Pair Corralation between Bellevue Healthcare and Zoom Video

Assuming the 90 days trading horizon Bellevue Healthcare Trust is expected to under-perform the Zoom Video. But the stock apears to be less risky and, when comparing its historical volatility, Bellevue Healthcare Trust is 1.27 times less risky than Zoom Video. The stock trades about -0.01 of its potential returns per unit of risk. The Zoom Video Communications is currently generating about 0.11 of returns per unit of risk over similar time horizon. If you would invest  8,238  in Zoom Video Communications on September 27, 2024 and sell it today you would earn a total of  322.00  from holding Zoom Video Communications or generate 3.91% return on investment over 90 days.
Time Period3 Months [change]
DirectionMoves Against 
StrengthWeak
Accuracy100.0%
ValuesDaily Returns

Bellevue Healthcare Trust  vs.  Zoom Video Communications

 Performance 
       Timeline  
Bellevue Healthcare Trust 

Risk-Adjusted Performance

0 of 100

 
Weak
 
Strong
Very Weak
Over the last 90 days Bellevue Healthcare Trust has generated negative risk-adjusted returns adding no value to investors with long positions.
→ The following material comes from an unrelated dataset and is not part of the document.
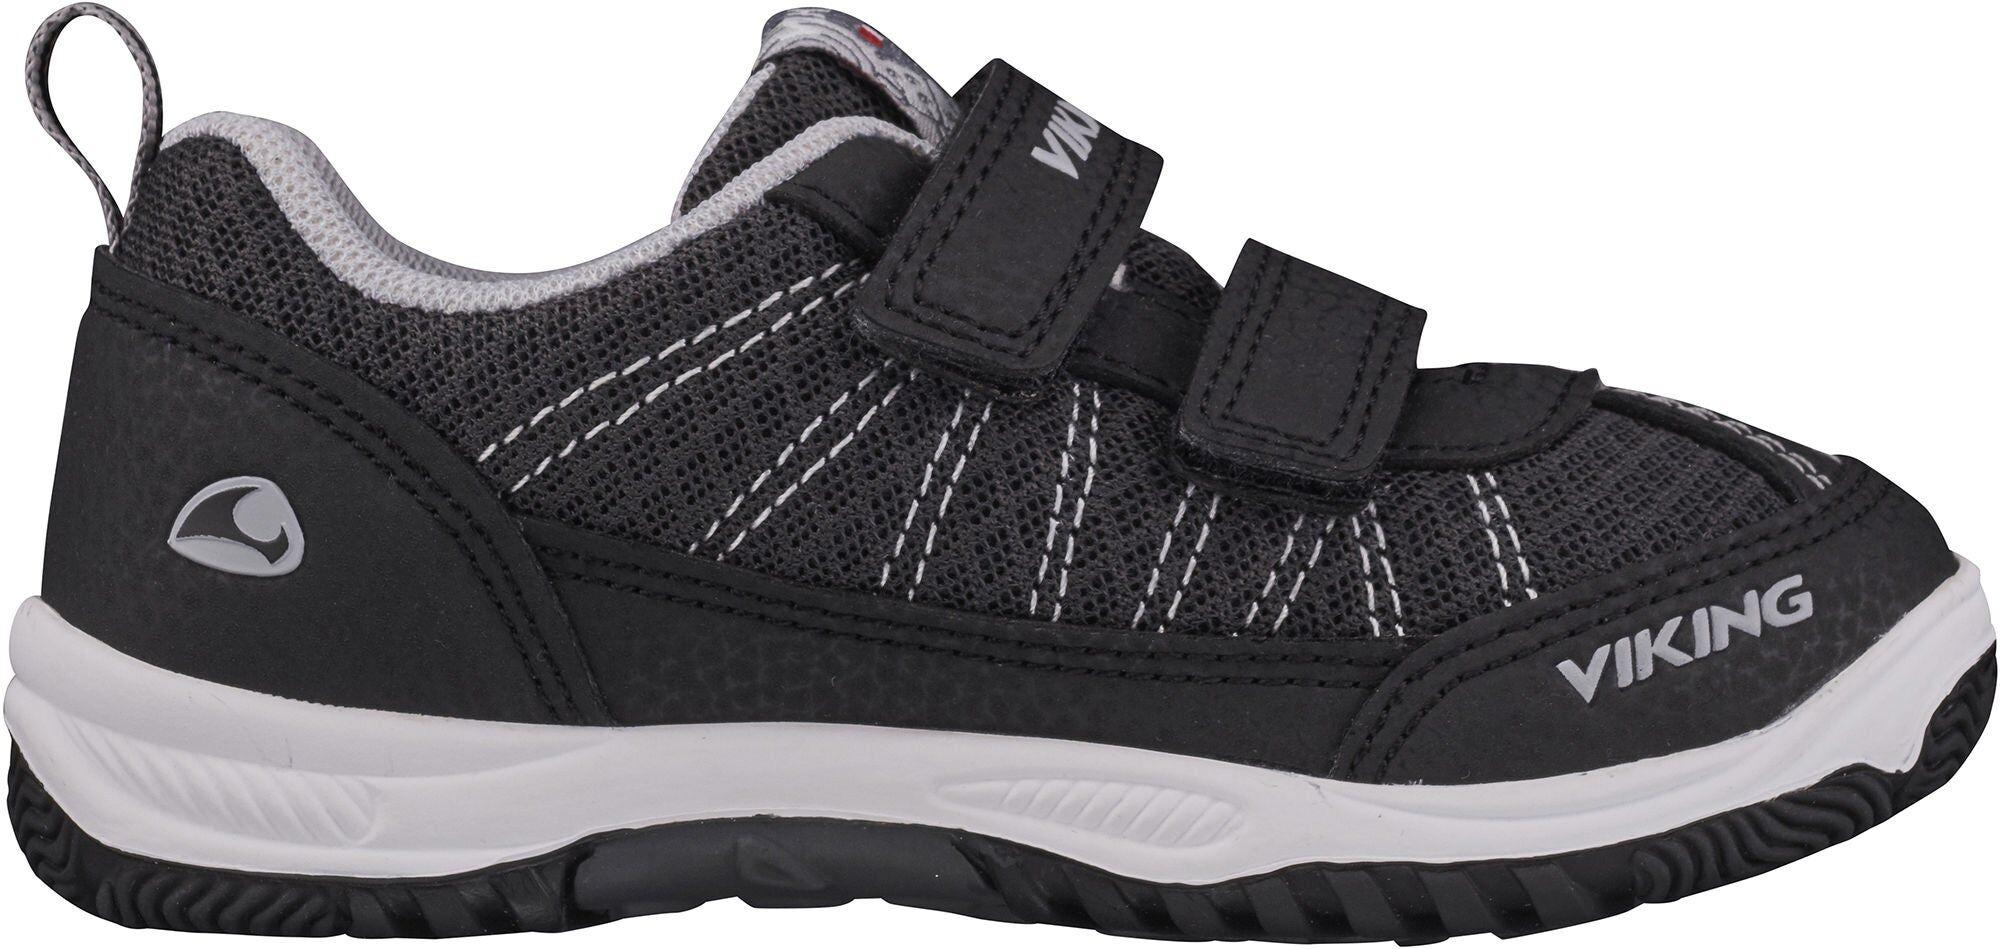 Viking Bryne Sneaker, Black/Grey 24

In spite of rather sound technical and fundamental indicators, Bellevue Healthcare is not utilizing all of its potentials. The newest stock price tumult, may contribute to shorter-term losses for the shareholders.
Zoom Video Communications 

Risk-Adjusted Performance

12 of 100

 
Weak
 
Strong
Good
Compared to the overall equity markets, risk-adjusted returns on investments in Zoom Video Communications are ranked lower than 12 (%) of all global equities and portfolios over the last 90 days. In spite of comparatively uncertain basic indicators, Zoom Video unveiled solid returns over the last few months and may actually be approaching a breakup point.
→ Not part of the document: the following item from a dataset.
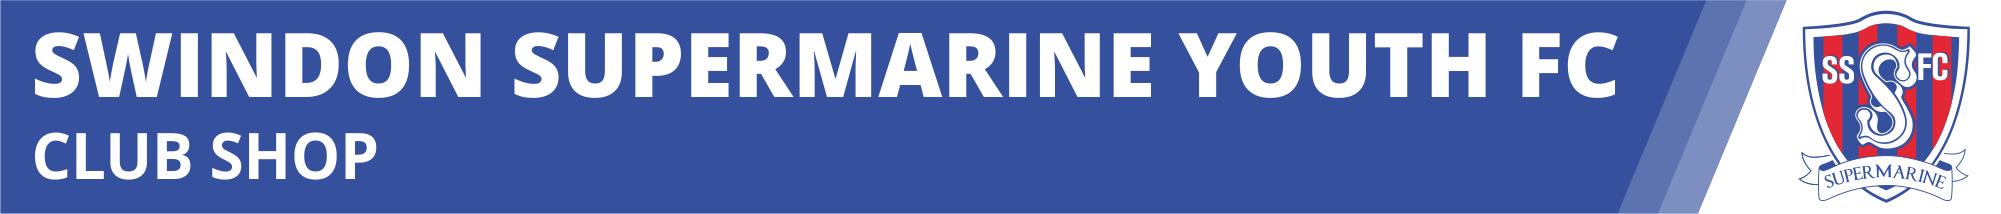 swindon-supermarine-youth-fc-club-shop-banner.png

Bellevue Healthcare and Zoom Video Volatility Contrast

   Predicted Return Density   
       Returns  

Pair Trading with Bellevue Healthcare and Zoom Video

The main advantage of trading using opposite Bellevue Healthcare and Zoom Video positions is that it hedges away some unsystematic risk. Because of two separate transactions, even if Bellevue Healthcare position performs unexpectedly, Zoom Video can make up some of the losses. Pair trading also minimizes risk from directional movements in the market. For example, if an entire industry or sector drops because of unexpected headlines, the short position in Zoom Video will offset losses from the drop in Zoom Video's long position.
The idea behind Bellevue Healthcare Trust and Zoom Video Communications pairs trading is to make the combined position market-neutral, meaning the overall market's direction will not affect its win or loss (or potential downside or upside). This can be achieved by designing a pairs trade with two highly correlated stocks or equities that operate in a similar space or sector, making it possible to obtain profits through simple and relatively low-risk investment.
Check out your portfolio center.
Note that this page's information should be used as a complementary analysis to find the right mix of equity instruments to add to your existing portfolios or create a brand new portfolio. You can also try the Earnings Calls module to check upcoming earnings announcements updated hourly across public exchanges.

Other Complementary Tools

Commodity Directory
Find actively traded commodities issued by global exchanges
Risk-Return Analysis
View associations between returns expected from investment and the risk you assume
Portfolio Optimization
Compute new portfolio that will generate highest expected return given your specified tolerance for risk
Sign In To Macroaxis
Sign in to explore Macroaxis' wealth optimization platform and fintech modules
Sync Your Broker
Sync your existing holdings, watchlists, positions or portfolios from thousands of online brokerage services, banks, investment account aggregators and robo-advisors.